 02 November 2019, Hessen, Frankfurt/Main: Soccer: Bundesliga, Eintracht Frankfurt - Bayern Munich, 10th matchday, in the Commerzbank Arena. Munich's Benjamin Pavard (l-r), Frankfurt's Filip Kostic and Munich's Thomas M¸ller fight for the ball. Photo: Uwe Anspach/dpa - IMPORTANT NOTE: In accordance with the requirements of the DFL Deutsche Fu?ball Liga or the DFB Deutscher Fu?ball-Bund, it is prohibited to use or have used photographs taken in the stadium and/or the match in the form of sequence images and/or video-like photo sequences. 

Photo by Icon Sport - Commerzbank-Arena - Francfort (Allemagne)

* * *

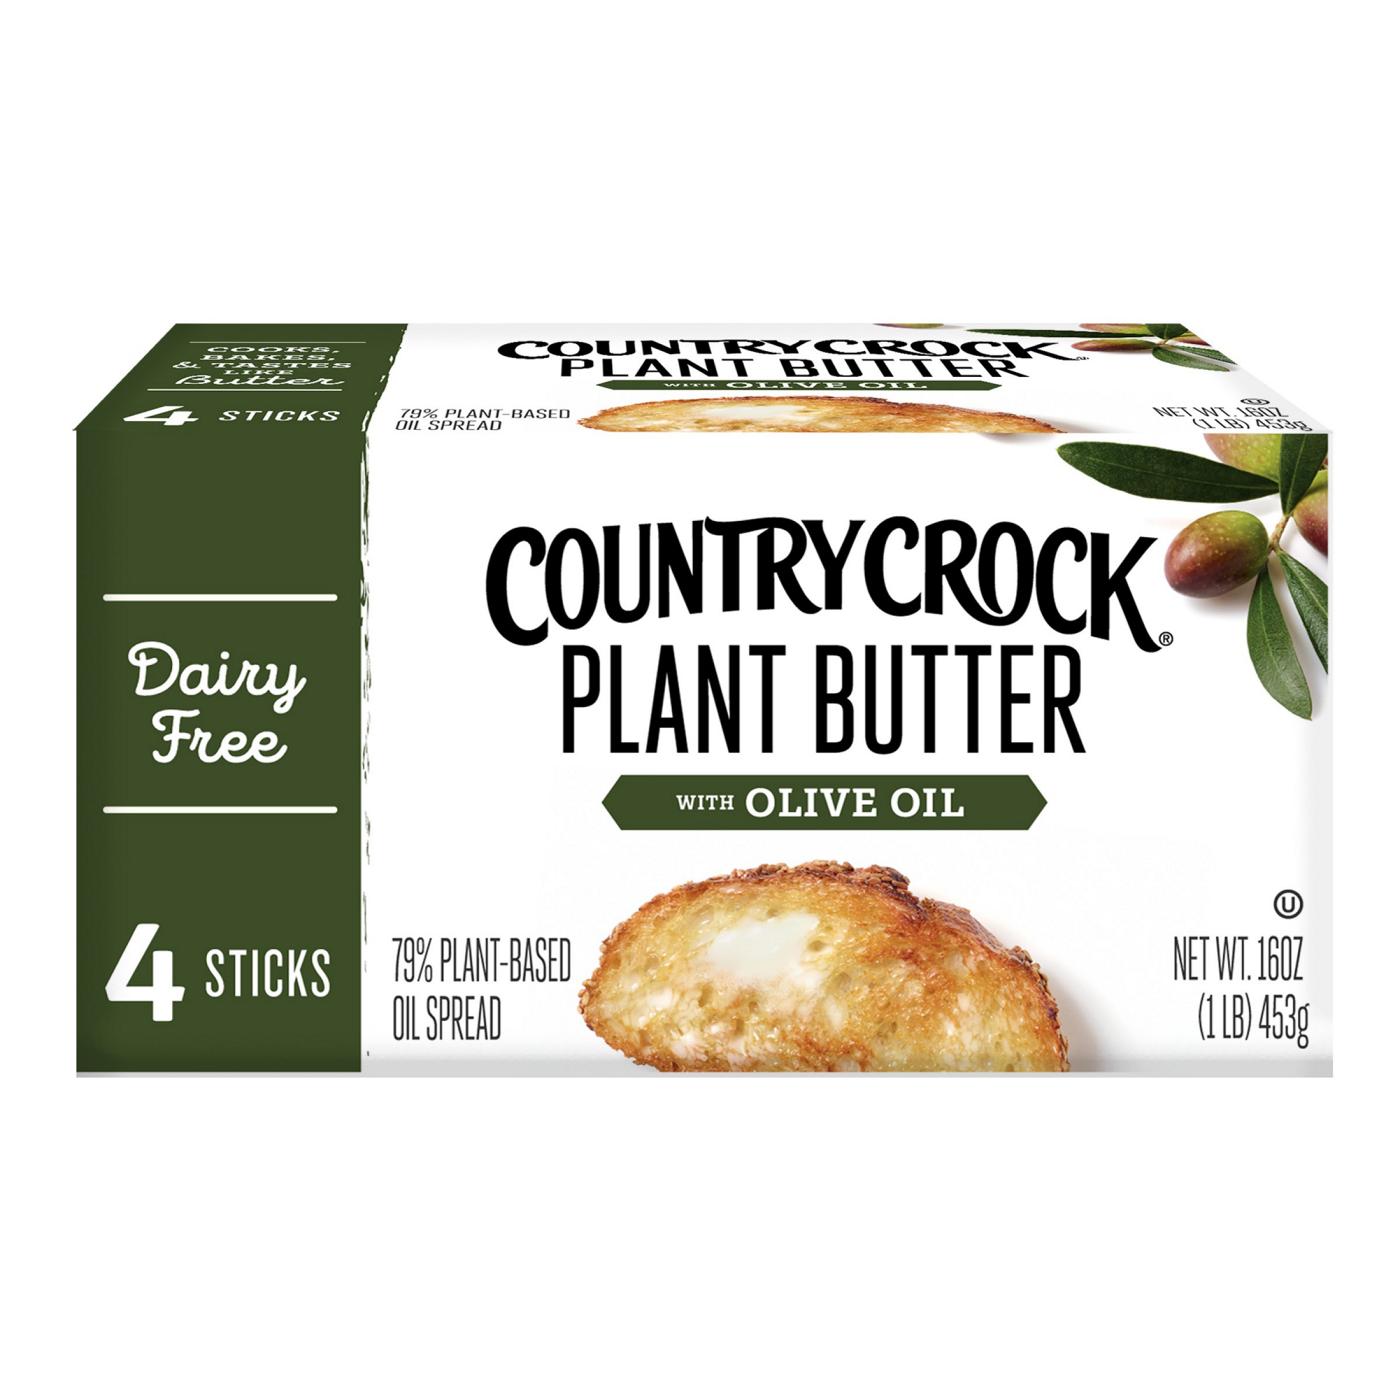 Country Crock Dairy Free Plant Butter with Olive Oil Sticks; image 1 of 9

* * *

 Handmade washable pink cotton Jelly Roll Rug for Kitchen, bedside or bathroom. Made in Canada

**TASK GOAL:**
Please find every line in the records above that holds the word "Commerzbank" and copy it.

**EXERCISE RESPONSE:**
 02 November 2019, Hessen, Frankfurt/Main: Soccer: Bundesliga, Eintracht Frankfurt - Bayern Munich, 10th matchday, in the Commerzbank Arena. Munich's Benjamin Pavard (l-r), Frankfurt's Filip Kostic and Munich's Thomas M¸ller fight for the ball. Photo: Uwe Anspach/dpa - IMPORTANT NOTE: In accordance with the requirements of the DFL Deutsche Fu?ball Liga or the DFB Deutscher Fu?ball-Bund, it is prohibited to use or have used photographs taken in the stadium and/or the match in the form of sequence images and/or video-like photo sequences. 
Photo by Icon Sport - Commerzbank-Arena - Francfort (Allemagne)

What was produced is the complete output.